Bu yetkinin kullanılmasında amacından saptırma durumuyla karşı karşıya olunduğunu vurgulayan Çokan, şöyle devam etti:
"Çünkü, bireysel başvuru yapabilmek için alt derece mahkemelerindeki tüm hukuki yolların tüketilmesi lazım ancak daha iddianamesi mahkemesi tarafından yeni kabul edilen, sanıkların savunması yargılamayı yapacak ve hükmü verecek mahkeme tarafından daha alınmadan, bireysel başvuru yolunu amacından saptırarak ve çokça da yasanın çizdiği sınırların dışına çıkarak, çok genişleterek bu tahliyelerin önü açıldı. Bu yetkiyle gerçekten Anayasa'da "Hiç kimse kaynağını Anayasa'dan almayan bir yetkiyi kullanamaz" ilkesini direk çiğnenmiş oluyor.
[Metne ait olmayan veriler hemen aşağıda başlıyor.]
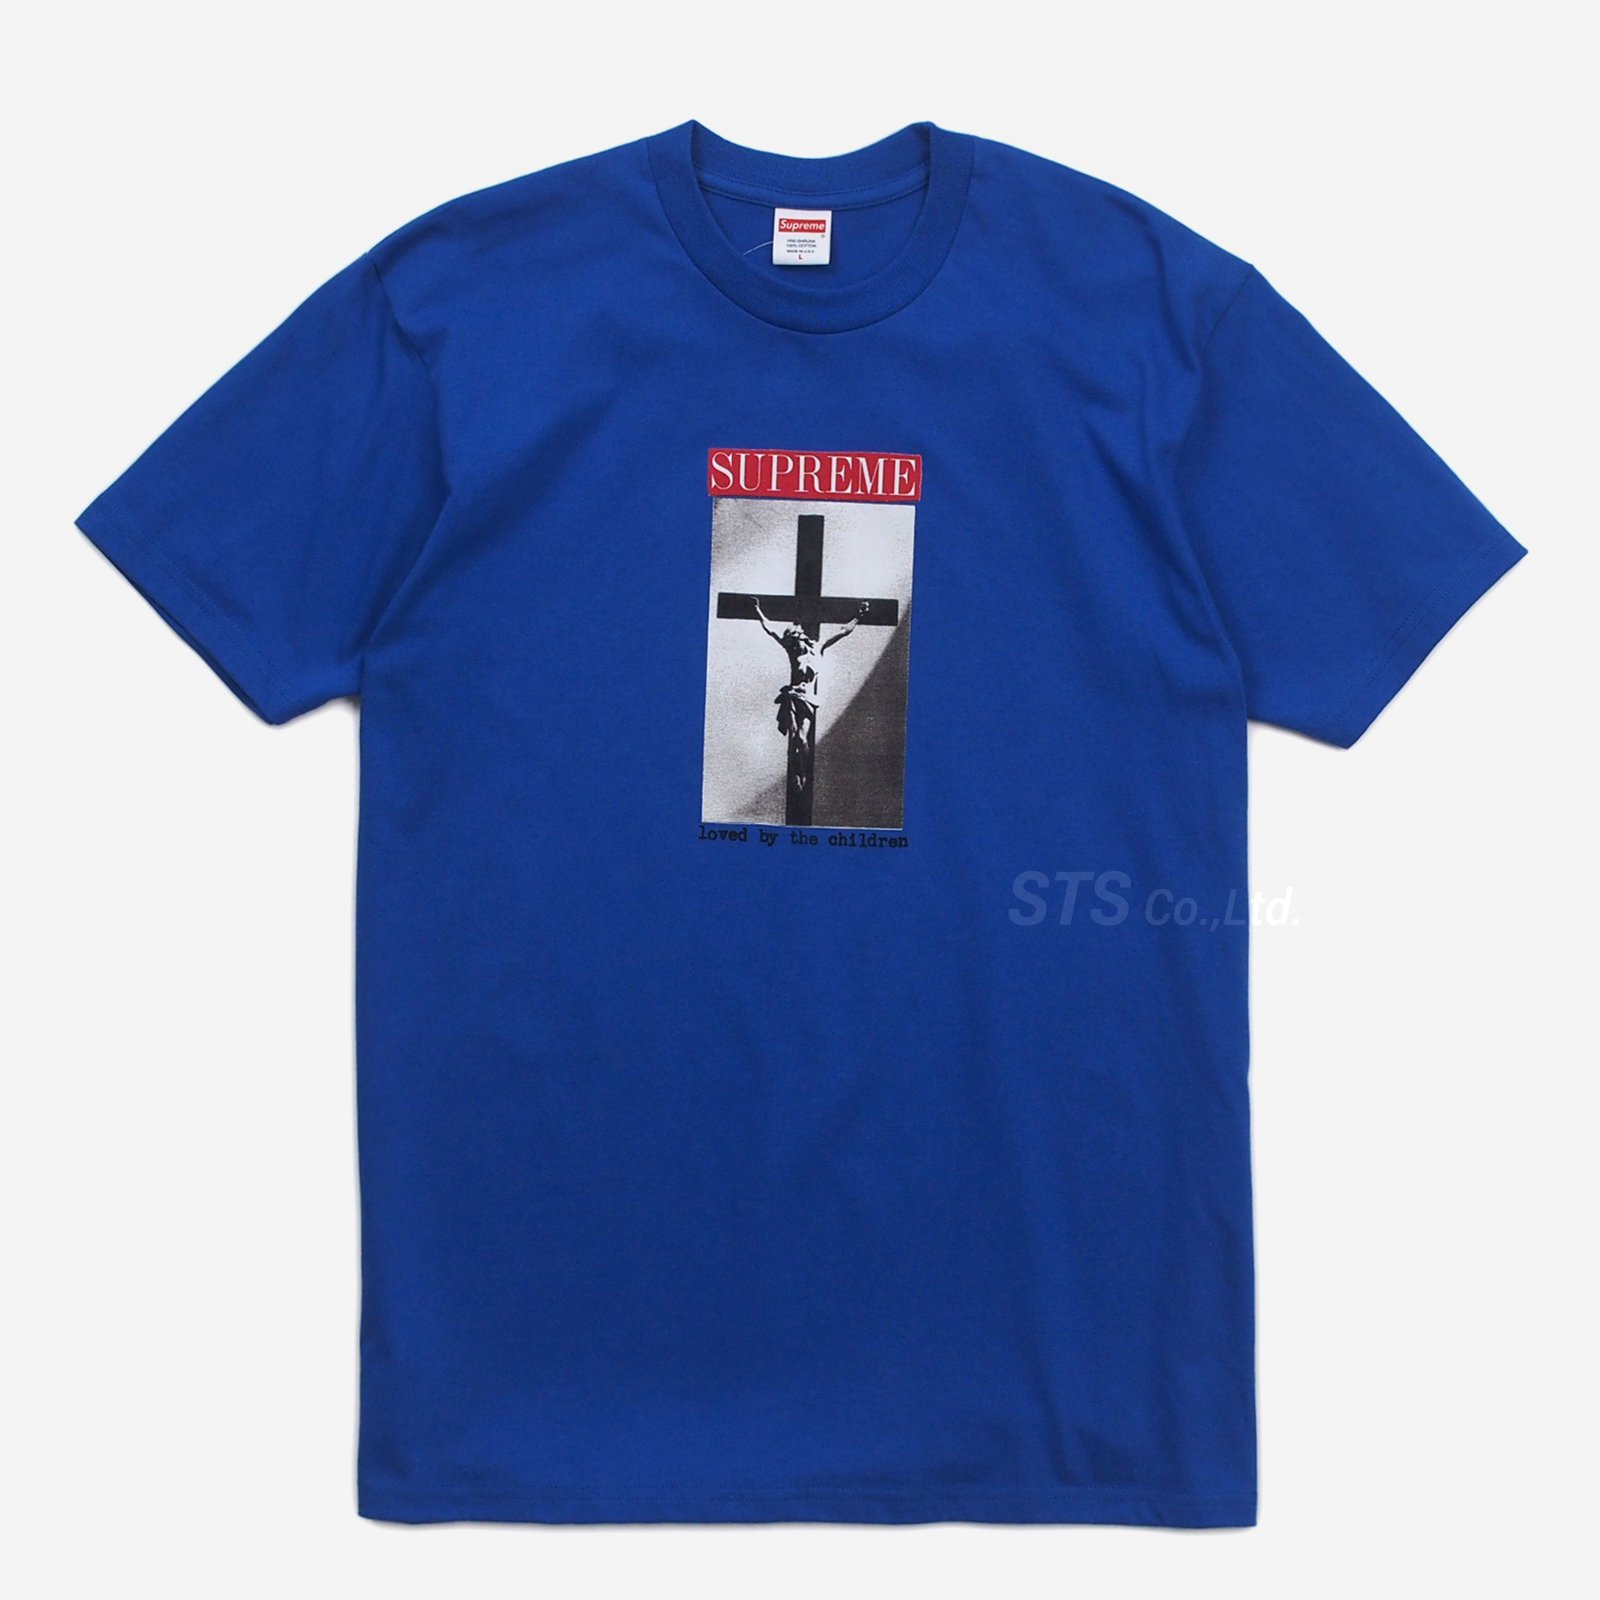 Tシャツ/カットソー(半袖/袖なし)Supreme Loved by The Children Tee 白　L

Böyle giderse Anayasa Mahkemesi yerel mahkemelerin yerine geçecek ve tüm yargılamalar onun huzuruna gidecek."
Çokan, bugüne kadar binlerce başvuru yapılan AYM'nin, bir başvuruyu 3-4 yılda sonuçlandıramadığını veya sonuçlandırmadığını ileri sürdü.
"AYM'nin delilleri değerlendirmek gibi bir yetkisi yok"
"Yerel mahkeme, AYM'nin verdiği karara uymayıp, aldığı karar doğrultusunda direnebilirdi" diyen Çokan, "Çünkü, yerel mahkemenin, AYM kararlarına uymak gibi bir sorumluluğu yok. Yerel mahkeme, AYM'nin kararına uymayabilirdi. AYM, tutuklamanın bir hak ihlali olduğunu söylemenin ötesinde delillerin değerlendirilmesi kısmına geçmiş ki bu tam bir fecaat. Ayrıca, AYM'nin delilleri değerlendirmek gibi bir yetkisi yok" değerlendirmesinde bulundu.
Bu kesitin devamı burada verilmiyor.